Some day I’m going to tell you guys how much this interaction mean to my development. I just scanned a post and learned a valuable lesson about a boat that I own and sat in. It nice to have generic boats for family and friends, but you guys view fitting a boat in a systemstic way. I think more like a Rube picking shoes out of bargain bin, to see if it fits. Some of you guys give custom fit. Most of what I’ve learned come from the way certain members present the information. I’ve learned more from just observing. I guess the word is lefell of professionslism. I like your humor bud16415, might not understand, but like. Sorry for intruding.
This forum is a bit like would you like to do a trans America automobile trip in a 1980 Corvette or a 1980 Lincoln town car or a 1980 Yugo.
We have different things here made for different reasons appealing to different people and someone is always picking the one made to do this and asking about doing that, and because there is overlap we can debate it. We have a local musician that wrote a song I always liked about when he was growing up. It’s called (Ginger or Mary Ann).
I have about as much desire to put a spray skirt on our rec-boats as I do taking a barrel over Niagara Falls. Someone might want to do it and if they do good for them and they should. I put Floatation bags in the front and back of my canoe and almost every time I’m out on the water someone asks me why? or do I do WW? I tell them no WW and it is space I don’t use and if I ever flip over it makes it easy to flip back right. Then they ask do you flip over a lot and I tell them I never flip over. Then they walk away.
We all need a little humor and I’m working on yours as well.
It isn’t just the fit for the sake of it. It is because fit can matter when in conditions that go to the edge of safety. If that is not the paddling environment someone has been in, another matter entirely.

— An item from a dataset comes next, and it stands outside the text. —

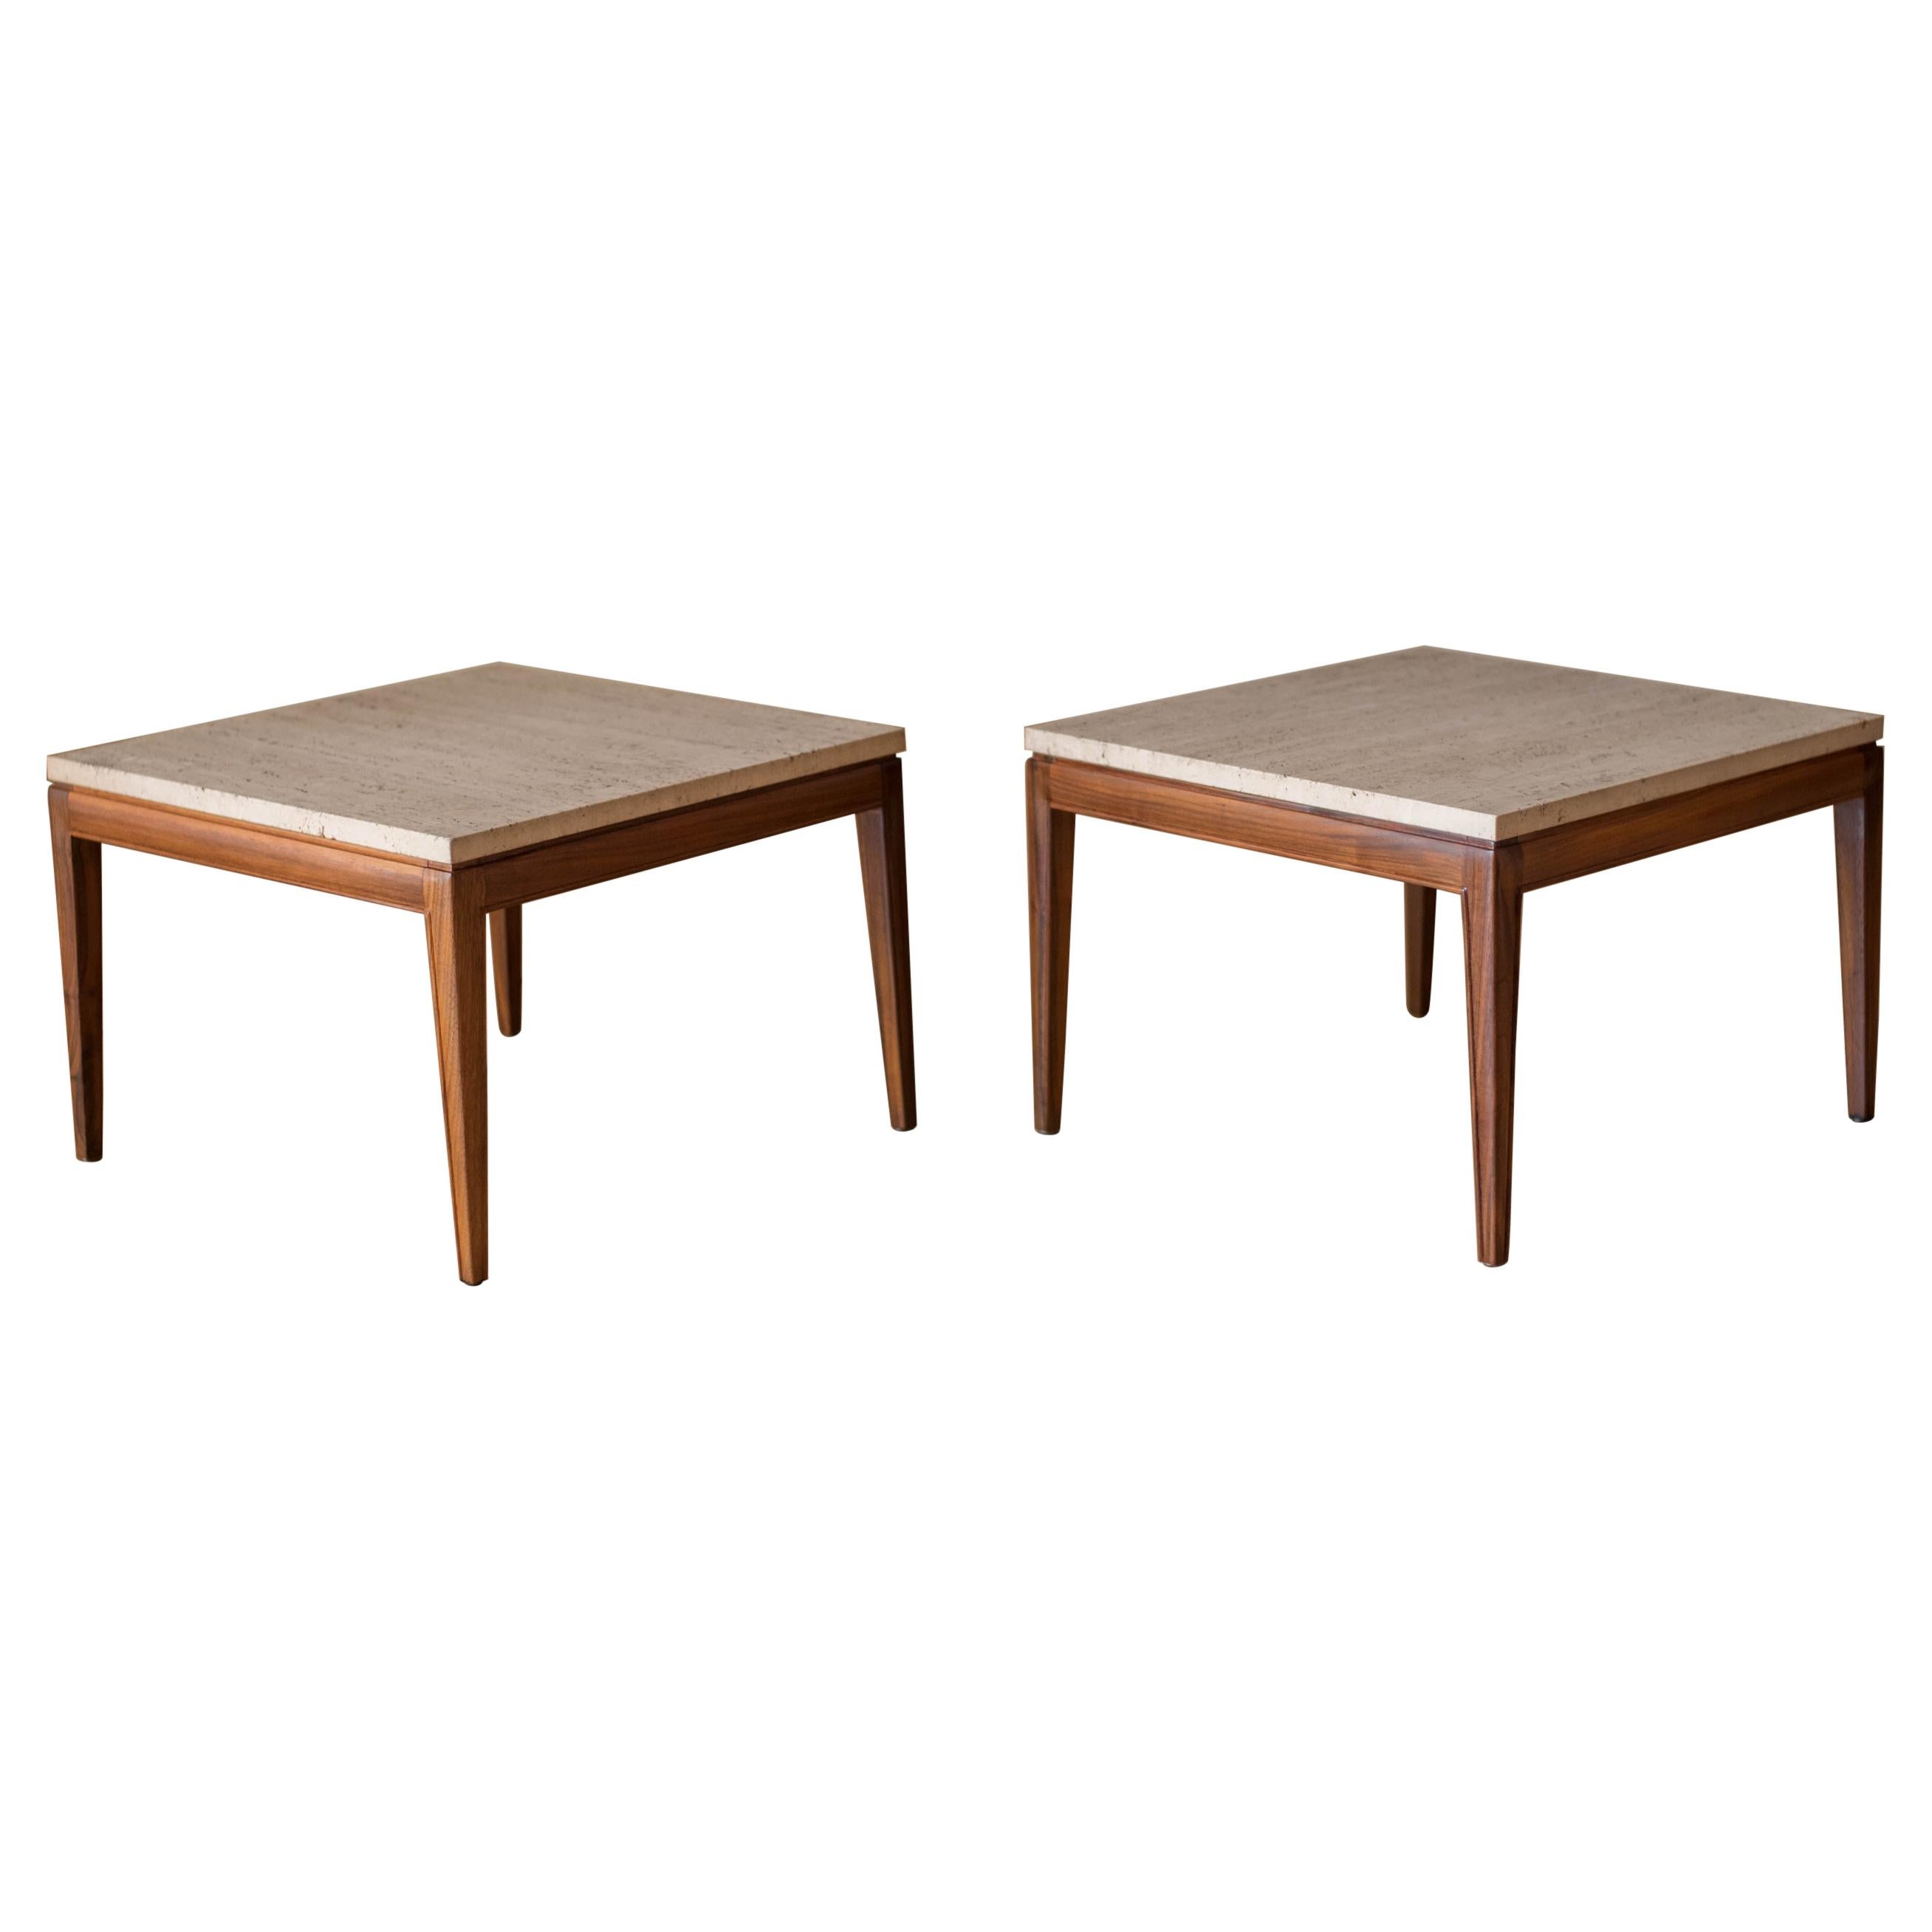 Pair of Vintage Travertine and Walnut End Tables

Interesting idea on the yoga ball type hull fillers. But inflatable float bags for kayaks are available – I probably have 8 or 10 of them of varying sizes (since I have long used folding kayaks with no bulkheads so they are a part of my regular kit and I need a pair for each boat). I have bags that also are usable for cargo so they do double duty. The inflatable bags are not JUST for adding buoyancy but for filling space so water can’t. So even a watertight closable bag that is full of camping gear stuffed in the stern is going to create a safer boat (as well as protecting the gear from saturation). And you can make your own custom inflatable float bags for a few bucks. Some of the instruction books for building skin on frame kayaks (Like “Building the Greenland Kayak” which always turns up on Ebay or Amazon for about $10) contain directions for that. Vinyl by the yard is available at fabric stores and Walmart and places like DIYpackraft.com sell the adhesive and valves and even heat-sealable coated nylon as is used in rafts.

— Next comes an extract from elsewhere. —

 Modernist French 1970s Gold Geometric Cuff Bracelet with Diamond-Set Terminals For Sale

I’ve been working on making long skinny flotation bladders for some vintage folding kayaks I bought to restore and resell. Project is half done but I got distracted by more urgent ones. Not a hard project. In fact there are often short seminars at the Greenland skills paddling weekends that take enrollees through making a float bag in an hour or two.
A new set of float bags can be costly but I have browsed the mark down areas of outfitters over the years and also found cheapies on Craigslist and Ebay. probably spent no more than $20 on any one I have ever bought except the storage type bags, which I think were $50 for the pair and also function as dry bags in the hatches of my hardshell boats.
I thought about making some and what I did in my canoe is put the peanut yoga balls inside waterproof bags made from non stretch fabric. Yoga balls will expand in a kayak and take the form of the hull and deck. In the canoe there is no deck so I wanted some containment. Kind of like a football with a bladder inside. Doing that lets the ball take greater pressure and show less change due to temp changes.
In the canoe I have lots of storage area still and in the rec-kayak she has the one sealed hatch and that’s more than enough for a day trip. The sealed combo bags for storage are a great idea though.